### EXERCISE INSTRUCTIONS:
Could you restate, word for word, the line that has "Green color" and all lines following it through the end of the entries below?

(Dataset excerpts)
----

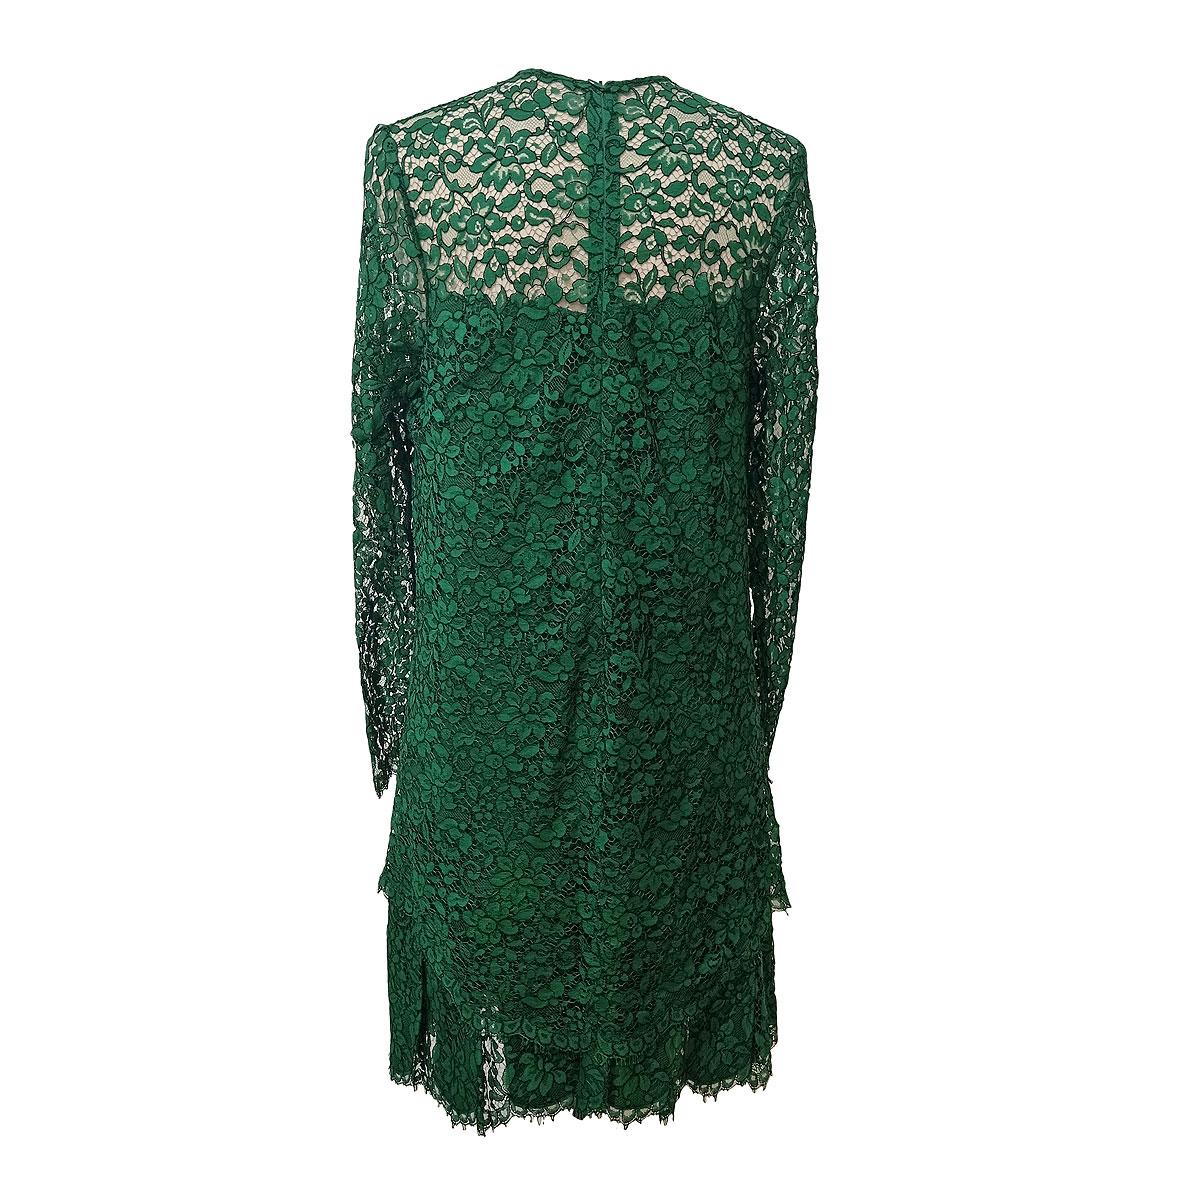 Fantastic dress by Ermanno Scervino 
Lace dress
Viscose (46%), cotton (39%) and nylon
Silk lining
Green color
Long sleeve
Amazing total construction of fine lace
Shoulder/hem length cm 85 (33,4 inches)
Shoulder cm 36 (14,1 inches)
Worldwide express

----

### ANSWER TO THE PROBLEM:
Green color
Long sleeve
Amazing total construction of fine lace
Shoulder/hem length cm 85 (33,4 inches)
Shoulder cm 36 (14,1 inches)
Worldwide express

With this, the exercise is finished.